The limits of private insurance markets

Private insurance markets cannot provide social care at an affordable cost to households. Leaving aside the externalities that limit the scope of private insurance markets — such as asymmetries of information, adverse selection and moral hazard — insurance can deal efficiently only with discrete temporary events, not protracted chronic conditions. Most people will probably not need protracted long-term residential care: only one person in ten has more than about £100,000 spent on their care. Yet for some people, old age will involve a protracted and expensive period of care. Over half of people needing care have no assets and are financed by the state, but for many people, care costs threaten to exhaust the bulk of their accumulated assets.

Local council monopoly purchasing power, and the distorted market in social care

Given that local authorities’ residential care homes were not up to inspection standards, and usually had a much higher cost base than privately run homes, the traditional council care home was progressively shut, and councils have been bought places in the private and voluntary sectors. In effect, a discrete and highly distorted care market sector was created. Local authorities used their bulk-purchase buying power to drive the costs of their placements below the economic cost of providing them. The care providers responded to this monopoly purchasing power by applying greater charges to self funders, who now effectively subsidise publicly-provided care bought by local authorities.

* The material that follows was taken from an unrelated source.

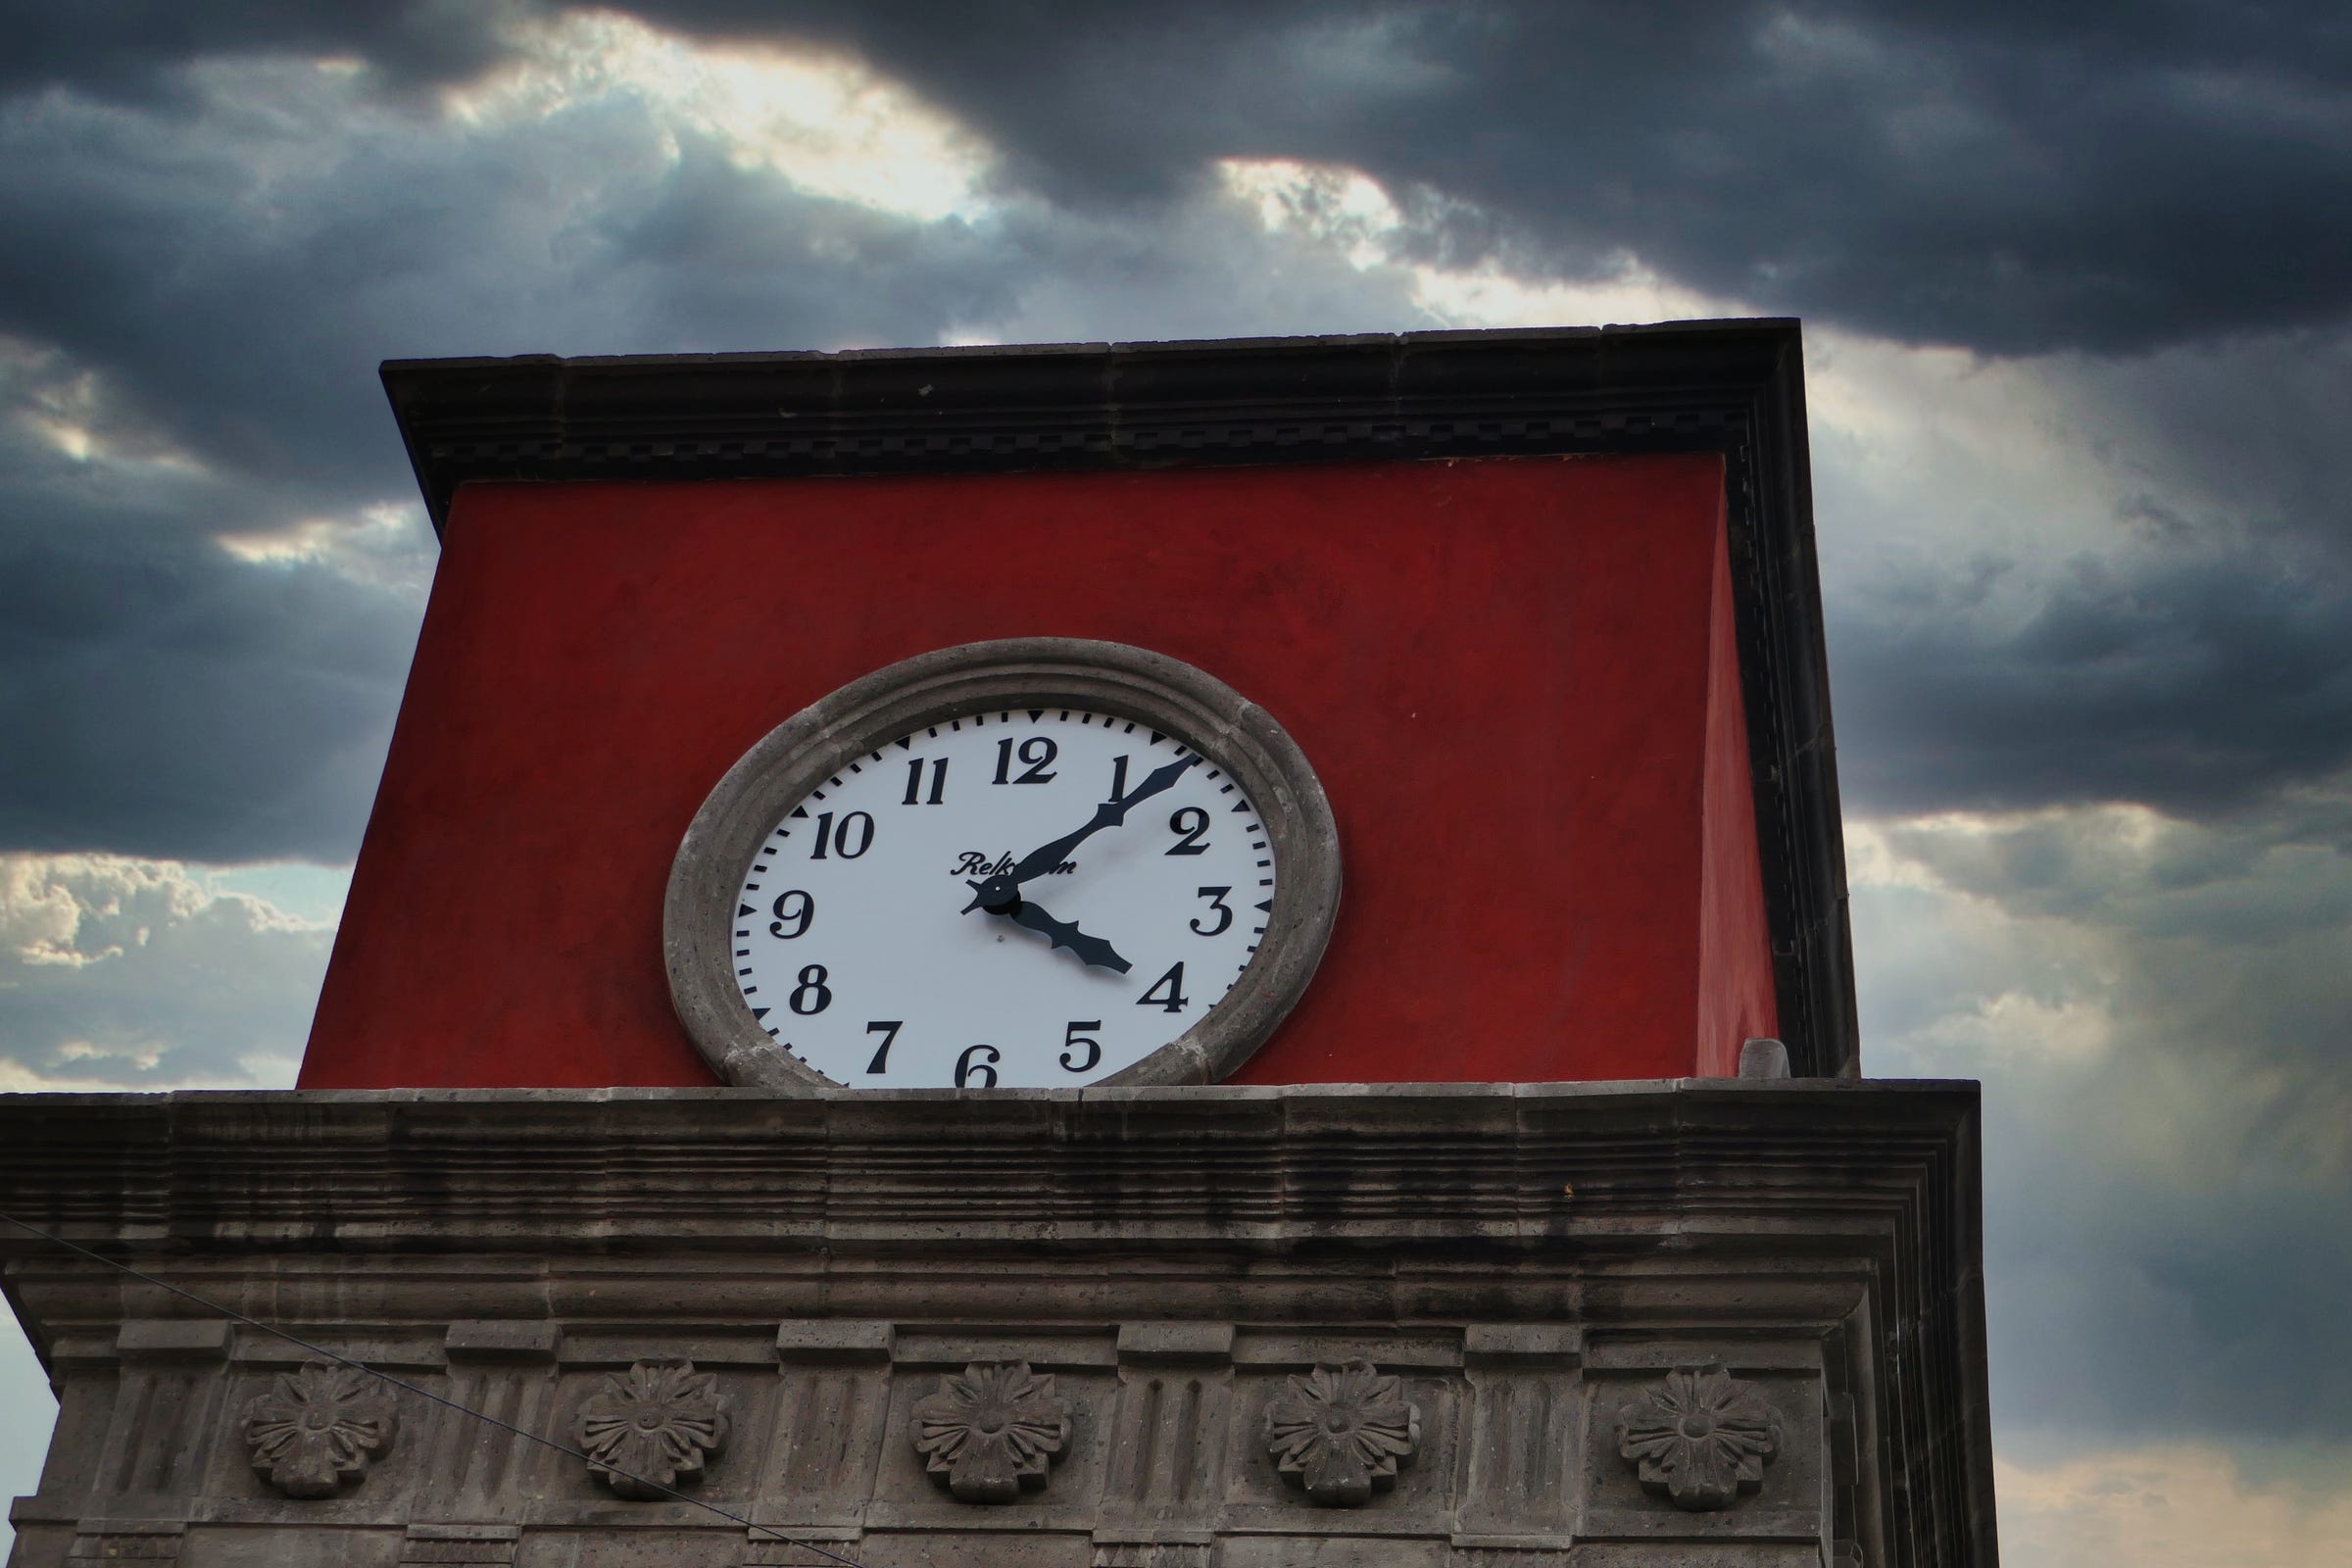 A clock frozen at 4:07 p.m on a red steeple with dark stormy clouds behind it

Biting the bullet and re-ordering public spending priorities

The resolution of this dog’s breakfast is the recognition that the state will have to spend more on social care. It should be funded out of general taxation as part of normal public expenditure, rather than through a convoluted, hypothecated, and potentially contentious financing measure. Part of that cost will be the ending of the means testing of the care that creates the fundamental incoherence between the NHS medical care and local authority social care provision. Until this incoherence is resolved, little fundamental progress will be made in resolving the matter of whether social care and medical care can be brought together within the health service, as they are in Northern Ireland, so responsibility is divided between the NHS and councils in the rest of the UK.

Social care of the elderly needs to be given greater priority within UK public expenditure. Apart from the incoherence between the means-testing arrangements for health and social care, more money needs to be placed into a care system where regulation has increased the costs of provision. Policy has been at war with itself: standards of regulation and inspection have been raised, funding of care has been subjected to an unrealistically tight budget constraint, and the number of people needing care has increased.

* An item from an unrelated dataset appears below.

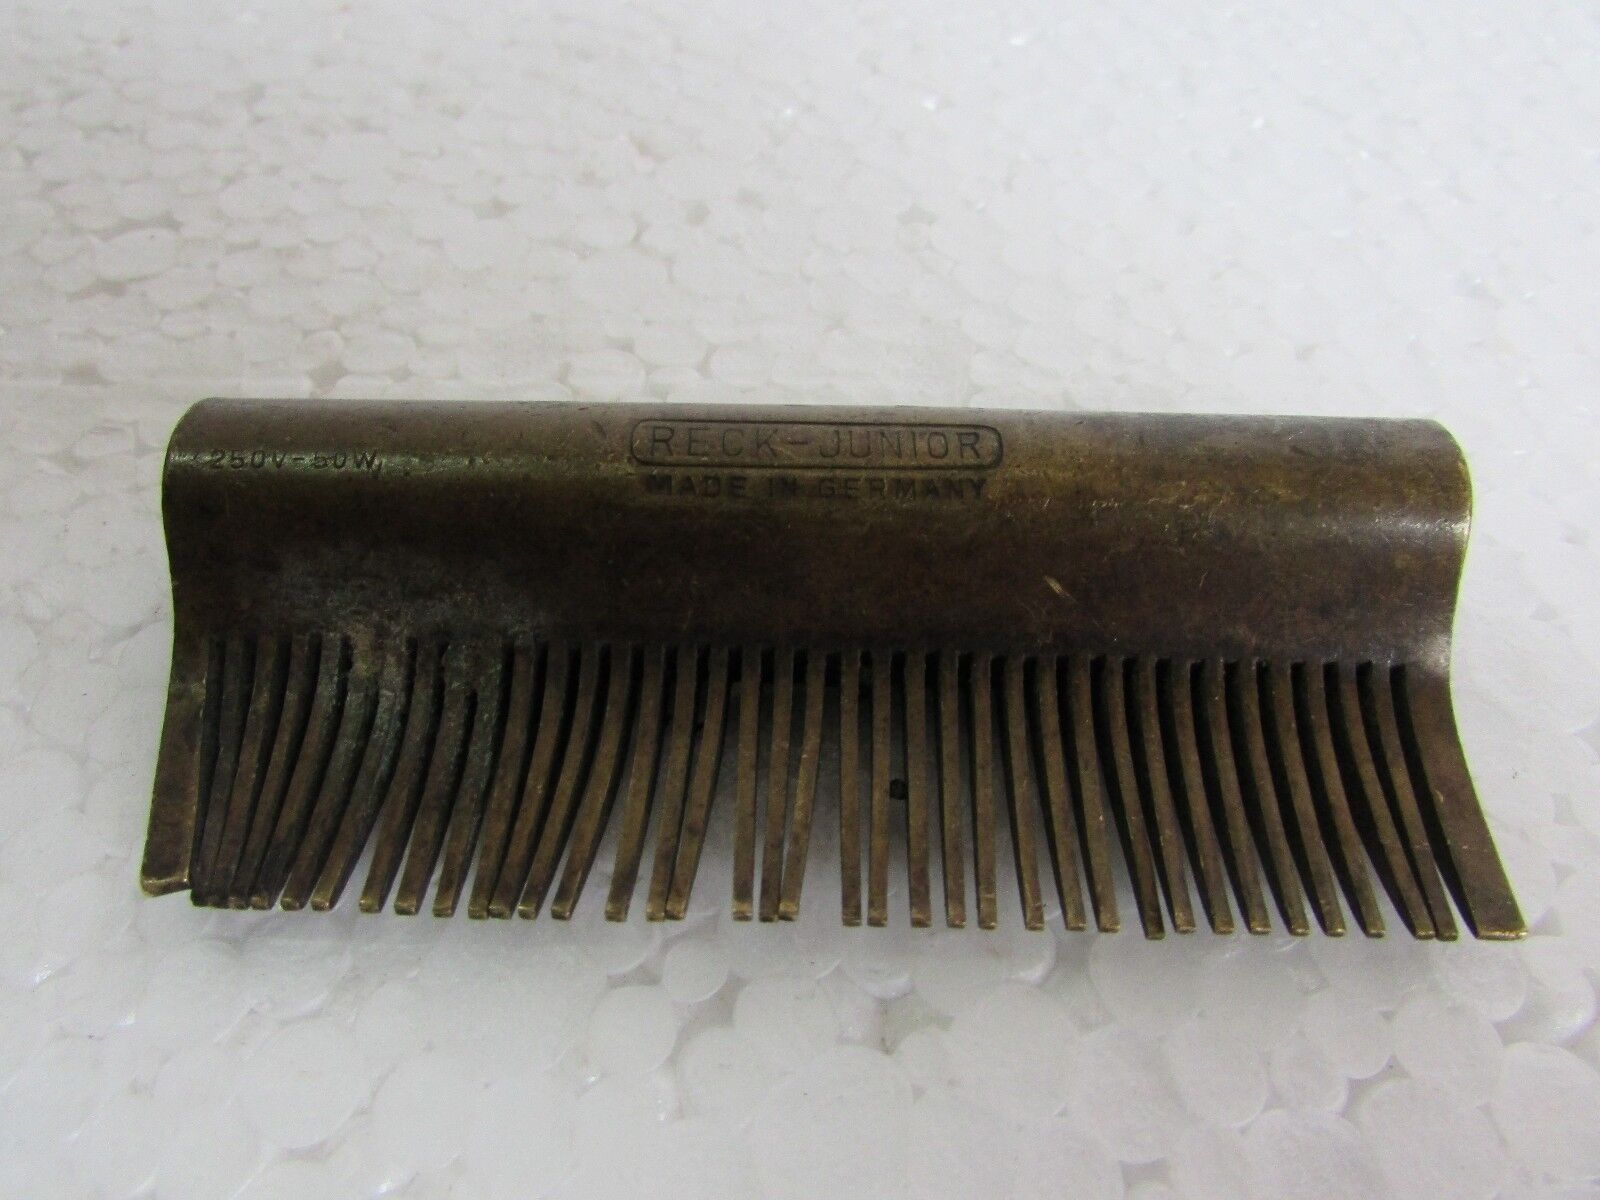 Vintage Old Rare Brass Hair Comb Reck Junior Made in Germany collectible

The costs are affordable at around at 2 per cent of GDP in relation to present public spending of about 1 per cent of GDP. Health currently absorbs 7.3 per cent of GDP, and the state pension accounts for 5.2 per cent of national income. This all comes down to a matter of reordering priorities within public expenditure, and would be more than covered by redirecting the UK’s net contribution to the EU budget. The present Conservative government has the opportunity to undertake a fundamental reform of the welfare state, which would complete its range of provision, and ensure that it cohered in a practical manner that helps families.